Intraradical mycelium (IRM)
The AM fungal mycelial system colonizes two distinct environments: the
IRM grows inside the roots in a very constant environment while the ERM
grows in the soil under highly variable environmental conditions (Smith
& Read, 2008). Two broad anatomical groups of IRM can be recognized in
mycorrhizal roots , the Arum -type, dominated by arbuscules, and
the Paris- type, dominated by coils, although evidence suggests a
continuum between these types, depending on the host plant and the
fungus (Dickson, 2004). Presence of ’H’ branches in the IRM is more
common in Glomeraceae taxa compared to Acaulosporaceae, while looping
hyphae and hyphae with small bumped projections are prevalent in species
forming gigasporoid spores (see (Dodd et al. , 2000)for a review).

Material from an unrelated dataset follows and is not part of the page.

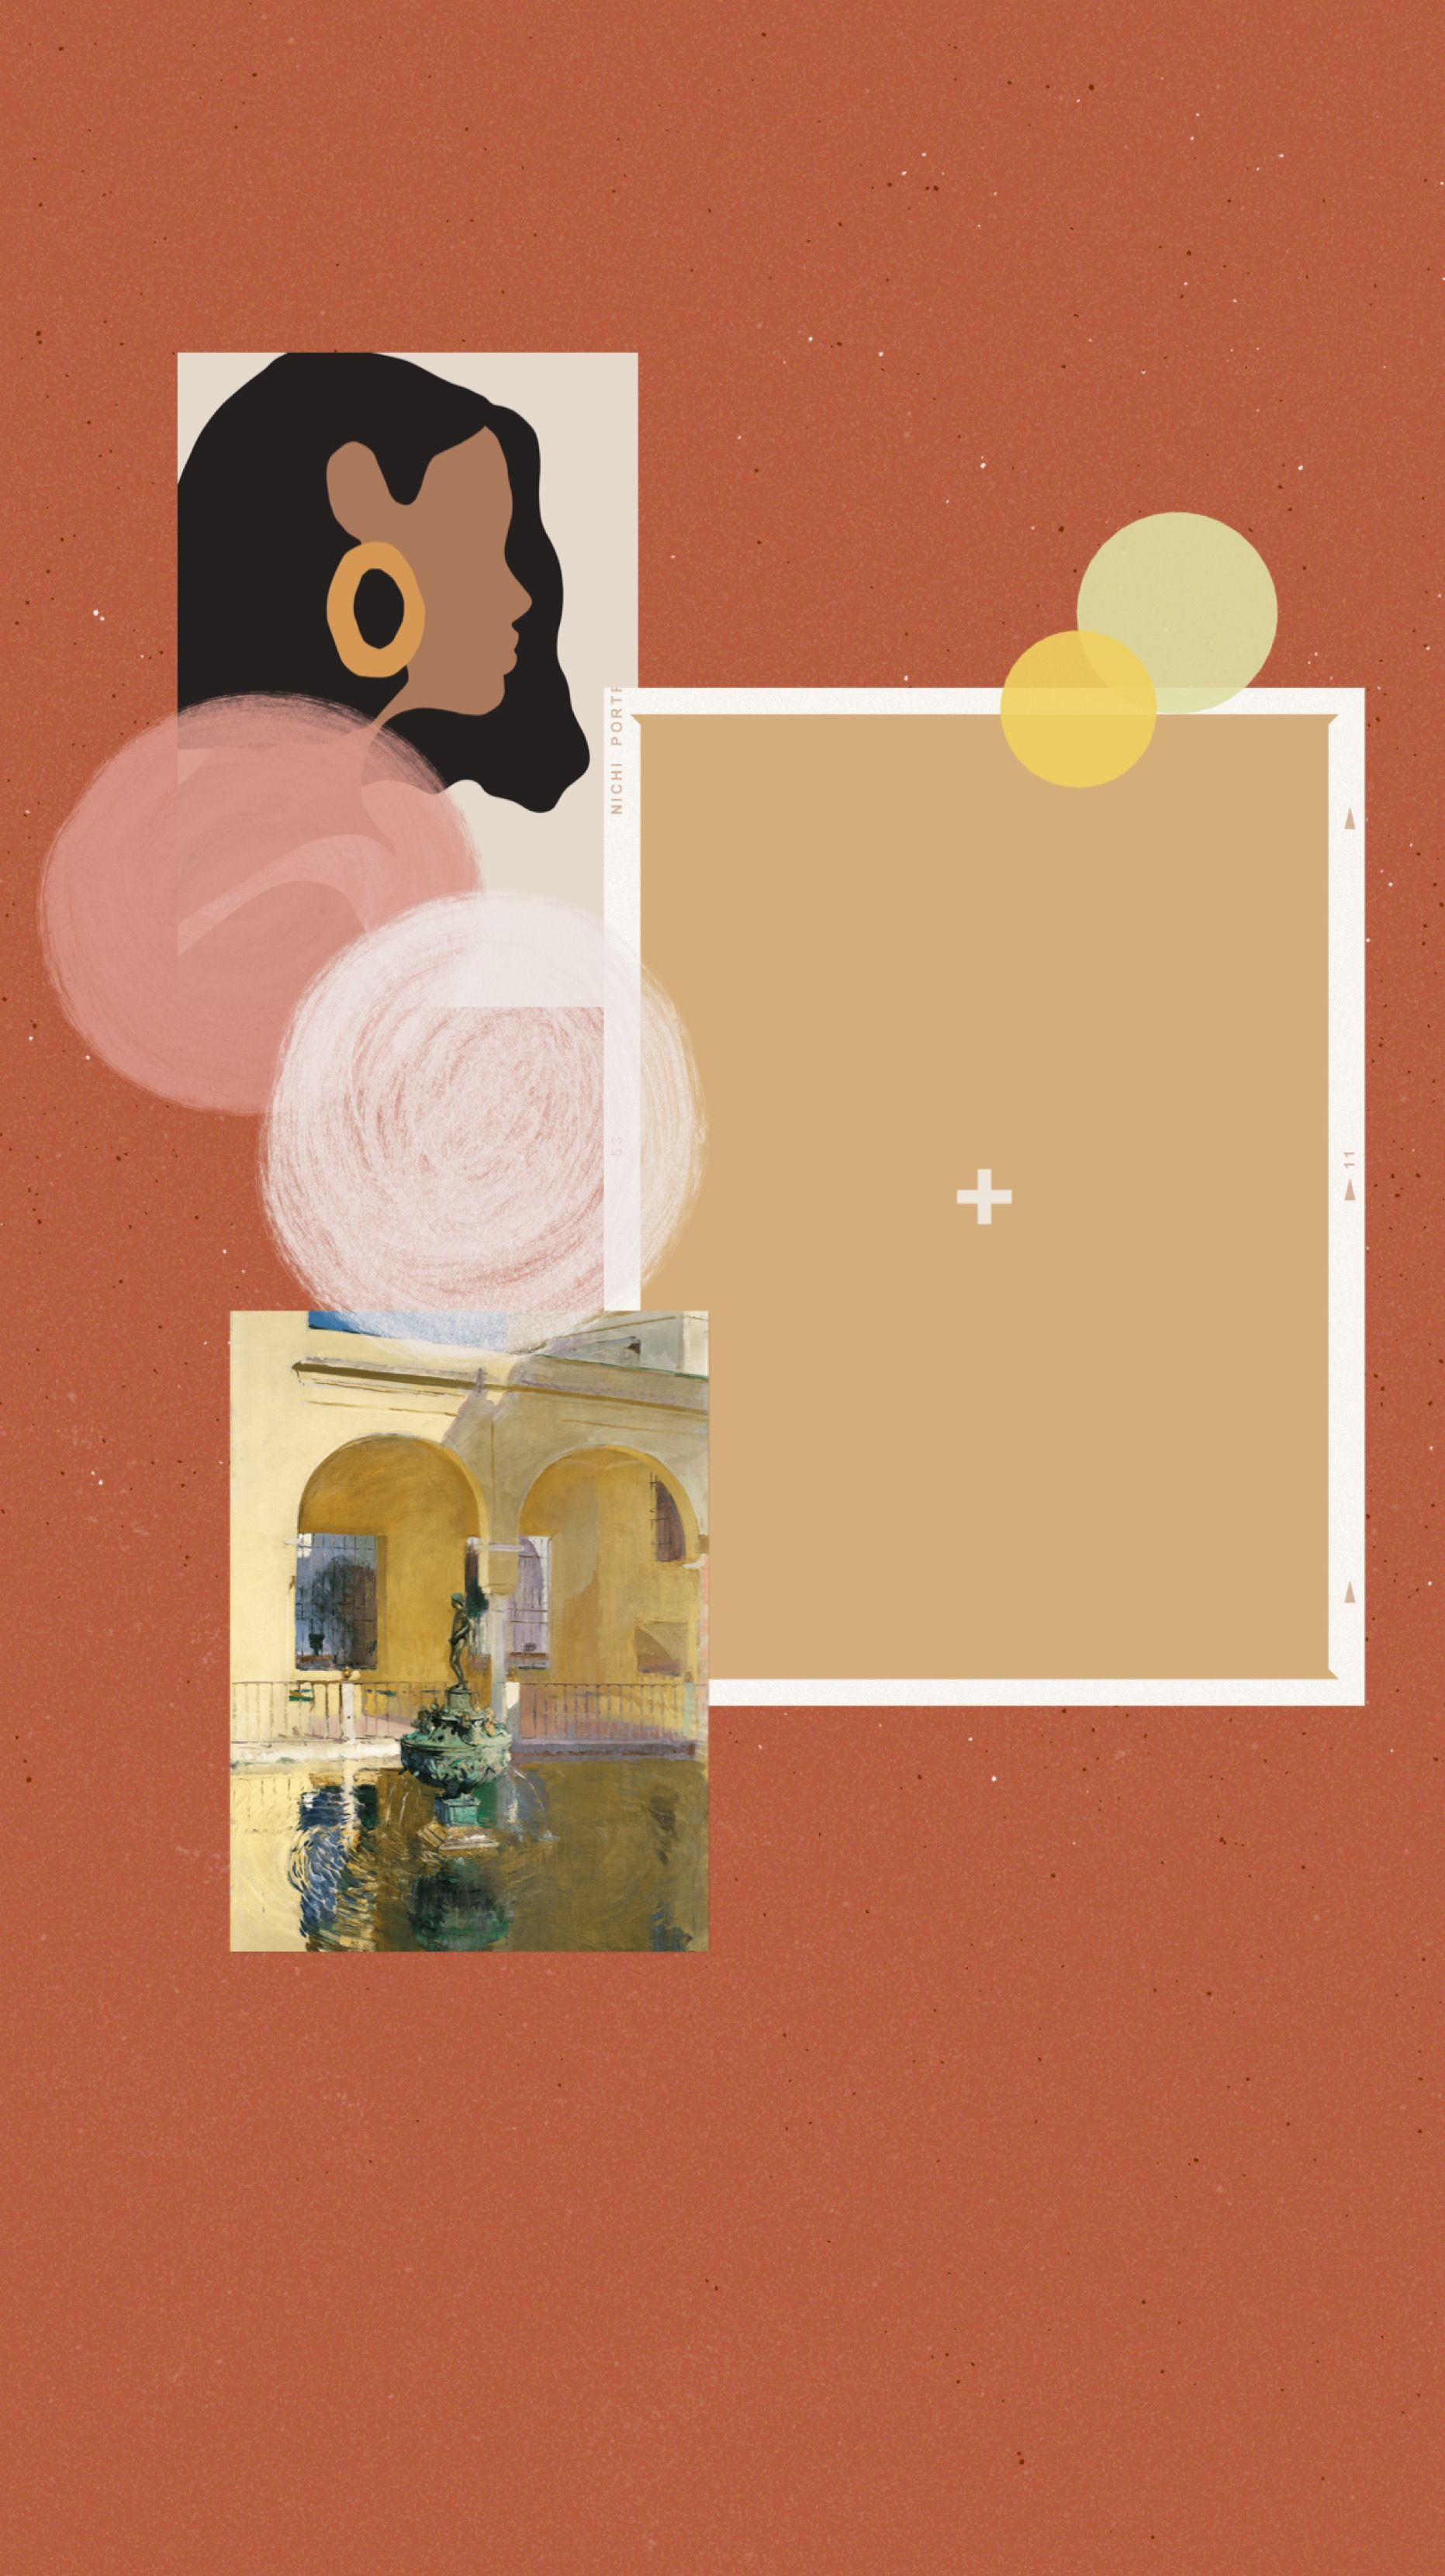 Nichi app (Dengan gambar) Seni, Pengeditan foto, Bingkai

Arbuscules are highly branched structures with a turnover rate ranging
from 7 to 16 days (Alexander et al. , 1989) or longer in woody
plants (Brundrett & Kendrick, 1990), and they serve as the primary site
of nutrient exchange between the fungus and the host. The main
differences observed in arbuscule architecture relate to branching
patterns. In Gigasporaceae, the trunk is wide and branching is abrupt,
whereas the trunk is narrow and branching is gradual in Acaulosporaceae
and Glomeraceae. Vesicles are thick-walled, globose to lobed structures
that store lipids and contain many nuclei (Smith & Read, 2008). They
are not formed by members of Gigasporaceae, and there is some evidence
the same is true for basal families such as Ambisporaceae,
Archaeosporaceae, and Paraglomeraceae.